What batch size, float precision, tesnor cores, export code, inference code, number of test images, warmup, nms, ... did you use?
@AlexeyAB https://github.com/WongKinYiu/yolov7/issues/400#issue-1325396557, we tried with the OpenCV inference. but got the error mentioned in this issue. Also when inferencing with the ONNX runtime we got low FPS.
batch size = 1,
float precision = 16,
tensor cores = 576,
export code = https://github.com/WongKinYiu/yolov7/blob/main/export.py,
inference code = used OpenCV function readNetFromONNX()
and measure the elapsed time for single inference. Did that for a set of images (~500) and then got the average value
Because of the error mentioned in the issue we omit the --grid
in the exporting command mentioned in the readme.
I compared the speed and mAP of yolov7 and yolov5s6 on coco128 using RTX2060 (it is the same with T4, both have tensor core).
for yolov7:
python test.py --data data/coco128.yaml --img 640 --batch 1 --conf 0.001 --iou 0.65 --device 0 --weights yolov7.pt
for yolov5s6:
python val.py --data data/coco128.yaml --img 1280 --batch 1 --conf 0.001 --iou 0.65 --device 0 --weights yolov5s6.pt
The conclusion is that the mAP of yolov7 is better, and the mAP of yolov7 under the input of 640 can exceed the mAP of yolov5s under the input of 1280, so the paper only pays attention to the comparison of the inference time of 640 and 1280, and
do not care the comparison under the same resolution. This may be one of the reasons why the inference speed of yolov7 is slower than that of yolov5 in the above comparison, because they use the same resolution.
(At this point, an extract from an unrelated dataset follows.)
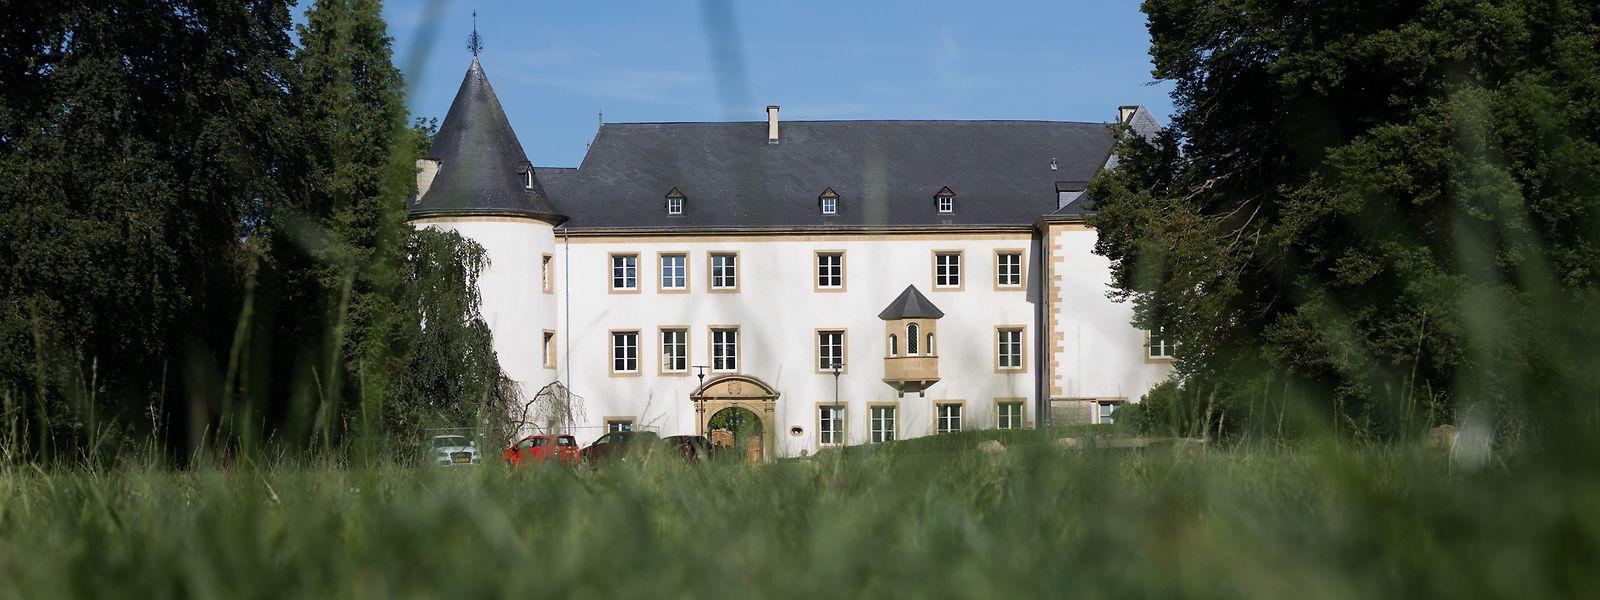 Für die Renovierung des Schlosses ist ein Betrag in zweistelliger Millionenhöhe erforderlich, unter anderem wegen der strengen Auflagen des Denkmalschutzes.

More importantly, yolov7 uses half inference by default, while yolov5 does not use it by default. So in the above experimental results, yolov7 seems to be faster than yolov5s6, but this is just an illusion.
for yolov5s6 half:
python val.py --data data/coco128.yaml --img 1280 --batch 1 --conf 0.001 --iou 0.65 --device 0 --weights yolov5s6.pt --half
So, yolov5 still has excellent speed performance under the input of 1280, but it is undeniable that the mAP of yolov7 under 640 is also excellent enough.
Supplement, yolov7's inference speed under fp32.
Modify the parameter (half_precision) in the test function in the test.py to False and run
python test.py --data data/coco128.yaml --img 640 --batch 1 --conf 0.001 --iou 0.65 --device 0 --weights yolov7.pt
I tested YOLOv7 on NVIDIA GeForce GTX 1080 Ti and NVIDIA GeForce RTX 3070. On 3070, YOLOv7 inference speed is approximately 50% less than 1080. Consider this in speed tests.
Did you ever figure out a fix ?
I tried to do a comparison of inference speed with yolov7 and yolov5m trained on a custom dataset running on Tesla T4 16GB gpu. The paper claims that yolov7 should be significantly faster here, however on my testing the inference time on yolov7 was twice that of yolov5m. It seems that the inference time I'm getting is only proportional to the FLOPS of the model. To do the test I used --task speed flag on test.py in yolov7 and val.py on yolov5. I made sure that they were running on gpu, not the cpu, but this was still the case.